En faisant de la classe de 6e un cycle commun avec les deux années de CM (cycle 3), la dernière loi d’orientation (2013) a pourtant reconnu officiellement, mais sans en tirer toutes les conséquences, la difficulté pour beaucoup d’enfants de 11 ans, de s’adapter à un type d’enseignement qui n’a jamais été conçu pour eux, fondé sur le cloisonnement des disciplines, matérialisées par des programmes rigides et autoritaires, et à la multiplicité des enseignants : une matière, un professeur, une classe, une heure de cours. Cette rupture brutale entre école et collège, loin de répondre à une quelconque nécessité, résulte en réalité de l’histoire du système éducatif : pendant longtemps coexistaient deux ordres d’enseignement : le primaire, chargé de délivrer aux enfants des milieux populaires les rudiments dont ils avaient besoin durant leur vie active qui commençait vers 13 ou 14 ans ; le secondaire, au contenu étroitement disciplinaire délivré par des enseignants formés par l’Université, réservé aux futures élites toutes issues des milieux privilégiés.

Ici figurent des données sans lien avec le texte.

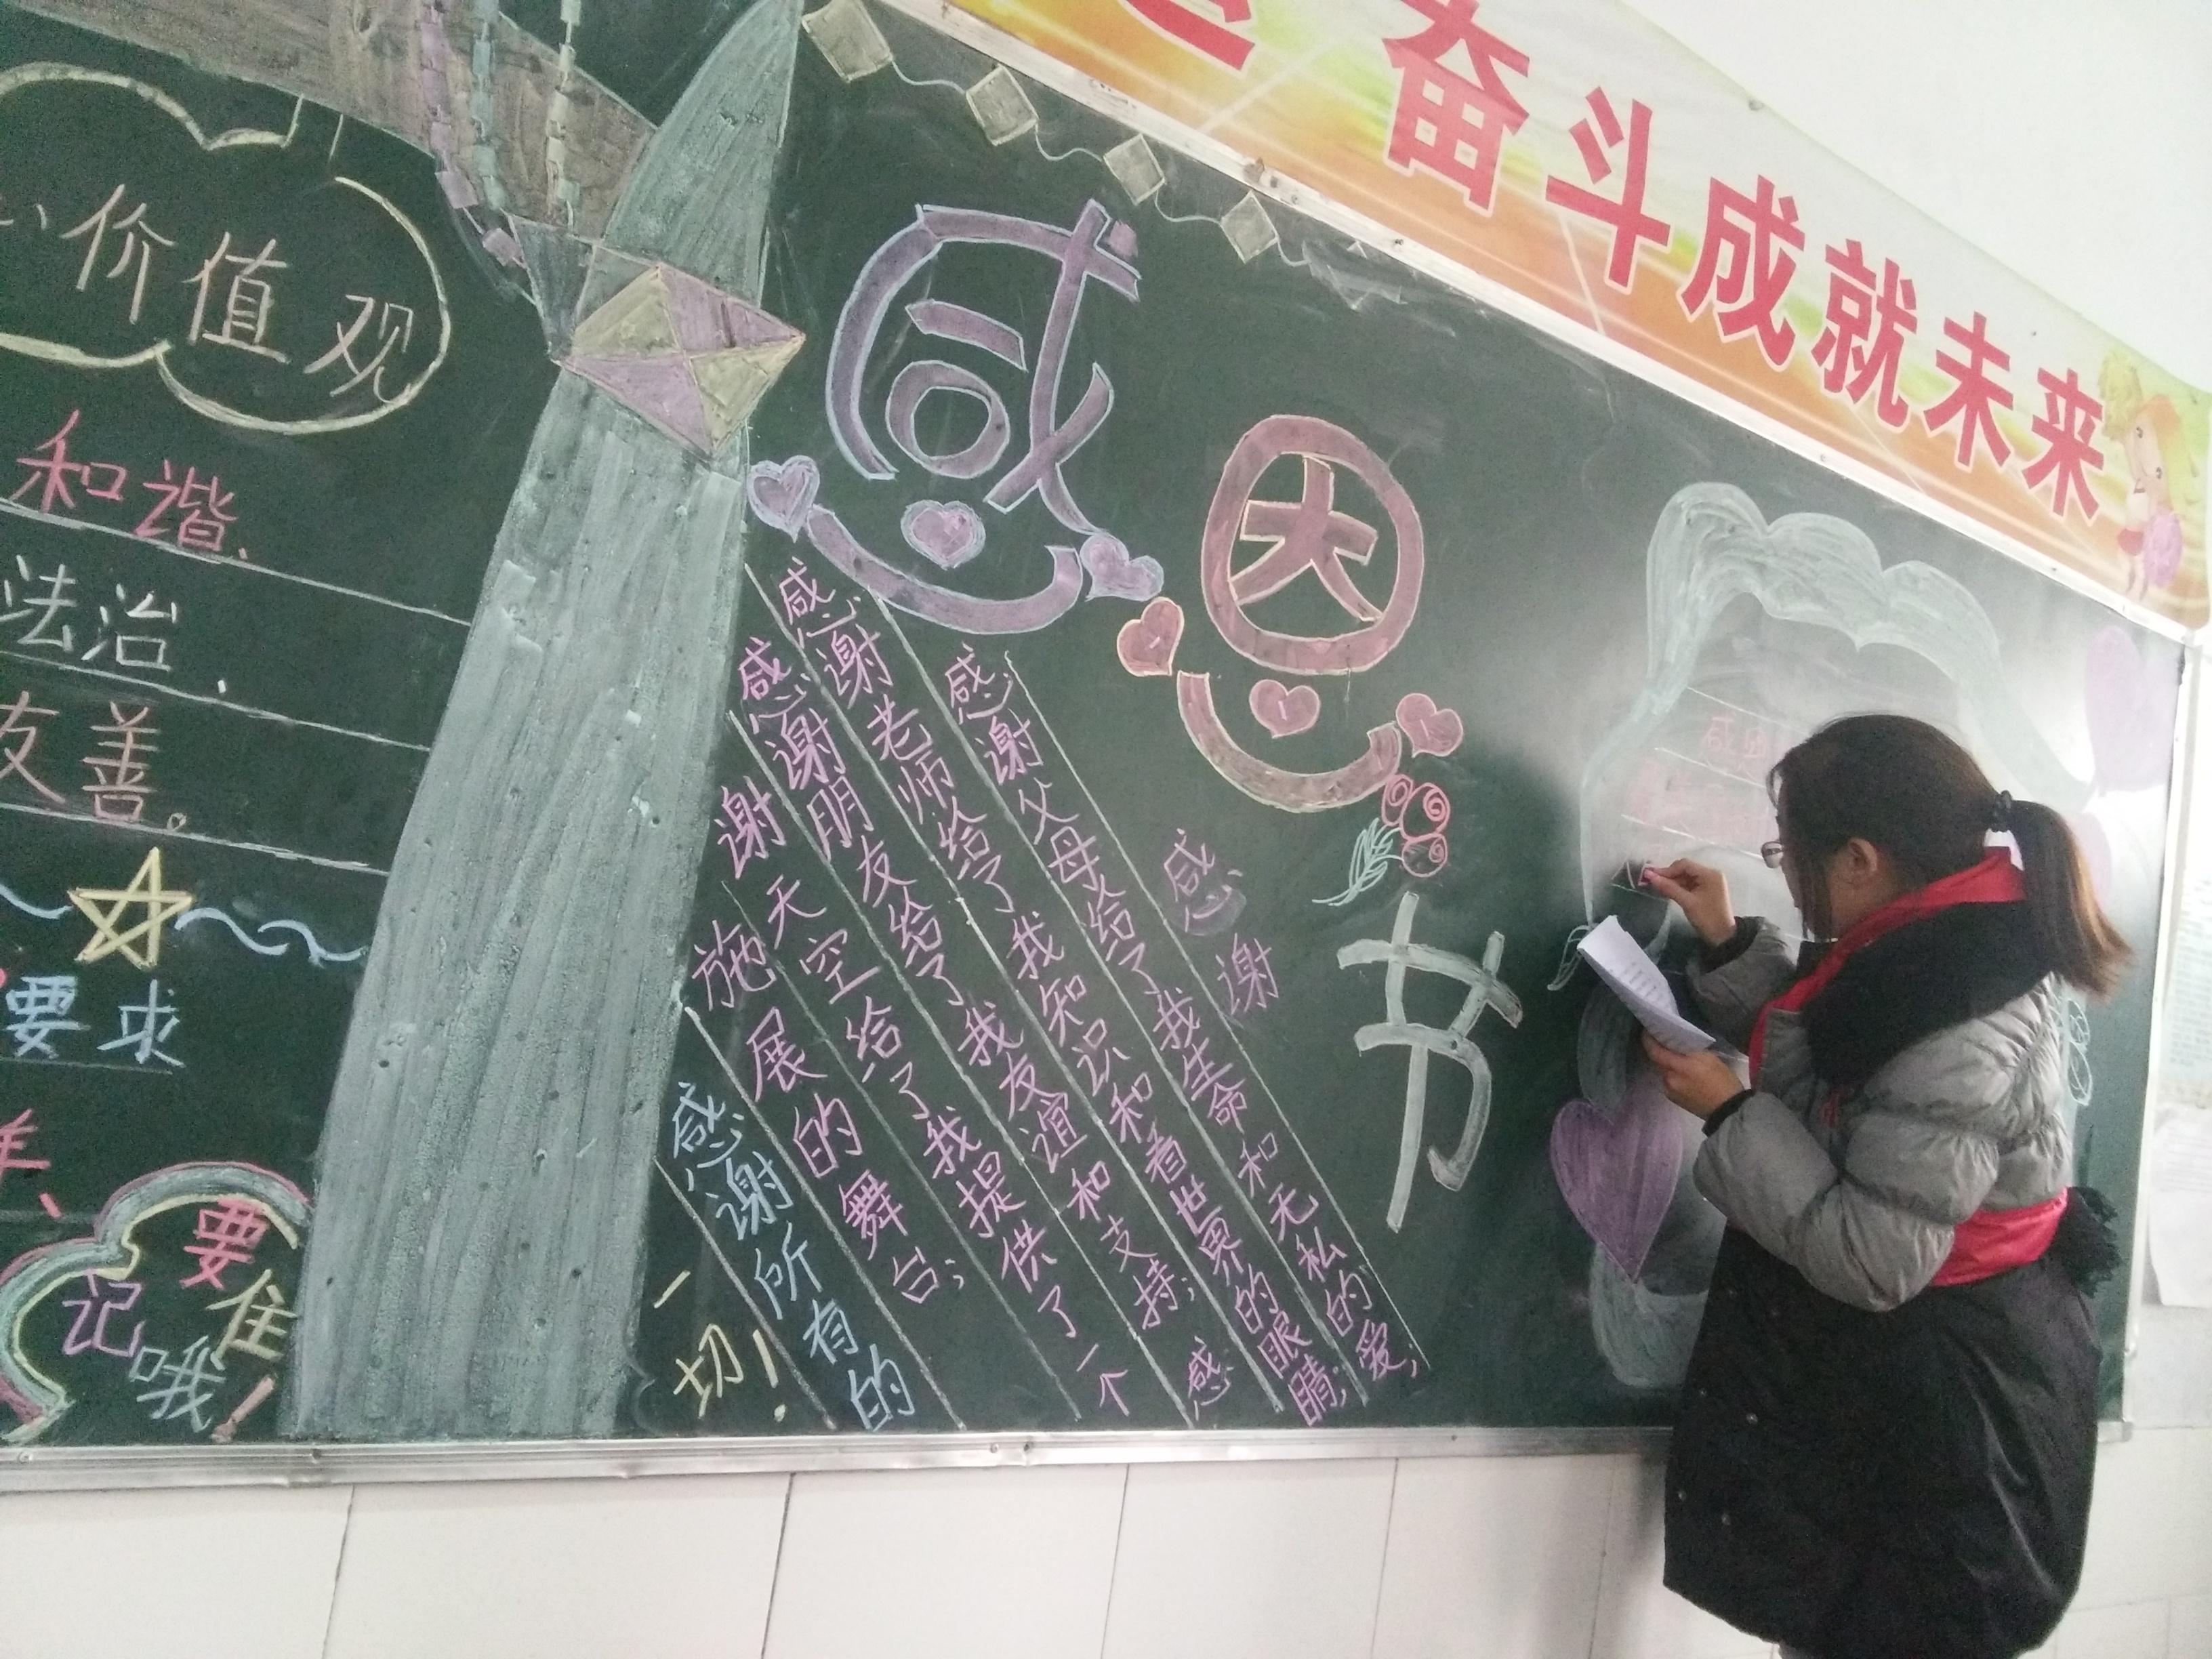 郑州市惠济区京水回民小学感恩节出黑板报

Quand la république se donnait bonne conscience à peu de frais sur ses prétendues valeurs, l’école de la république s’accommodait en réalité fort bien de toutes les inégalités, de toutes les injustices.

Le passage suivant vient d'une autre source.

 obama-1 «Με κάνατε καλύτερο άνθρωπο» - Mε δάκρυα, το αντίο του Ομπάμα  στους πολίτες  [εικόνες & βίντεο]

L’allongement de la scolarité obligatoire (de 14 à 16 ans), la généralisation des études secondaires à tous, la mise en place du collège unique (1975) ont certes changé la donne, mais les structures bien plus que les pratiques, en particulier parce que les enseignants du secondaire, formés dans une logique disciplinaire, ont continué à délivrer des savoirs académiques peu adaptés à leur nouveau public et dont la légitimité est plus que discutable. En réalité, la question n’est pas de savoir à quel âge les élèves doivent rentrer en 6e mais plutôt de se demander à quelle logique éducative correspond le découpage institutionnel entre école et collège : le principe du collège unique, c’est-à-dire pour tous, prenant la suite d’une école également pour tous, n’impliquait-il pas la fusion des deux étages d’enseignement dans un module unique permettant à chacun d’avancer à son rythme sans être confronté au passage périlleux vers des études secondaires dont la pertinence n’est jamais interrogée ?

Bien des enseignants, pas tous, mais aussi des parents, peut-être davantage concernés que les premiers par une sorte de sacralisation des études secondaires, voient dans le rapprochement école - collège comme une remise en cause des disciplines scolaires et un abaissement des exigences, pour reprendre une formule consacrée, alors que ce ne sont pas tant les savoirs qui sont en cause que la capacité à les faire passer et à leur donner du sens aux yeux des élèves. En jeu : un changement de paradigme qui passe par un décloisonnement des connaissances, artificiellement définies par un cursus universitaire, souvent hérité du passé,  sans rapport avec les nécessités de formation exigées par le monde d’aujourd’hui.

Reste que les résultats de cette réforme a minima demeurent largement tributaires de son calendrier d’application : c’est à la rentrée 2016 que le « nouveau » collège devrait voir le jour… à quelques mois d’une échéance politique majeure qui ne rend guère optimiste. Dans le domaine éducatif également, on risque de payer très cher la pusillanimité de ce gouvernement.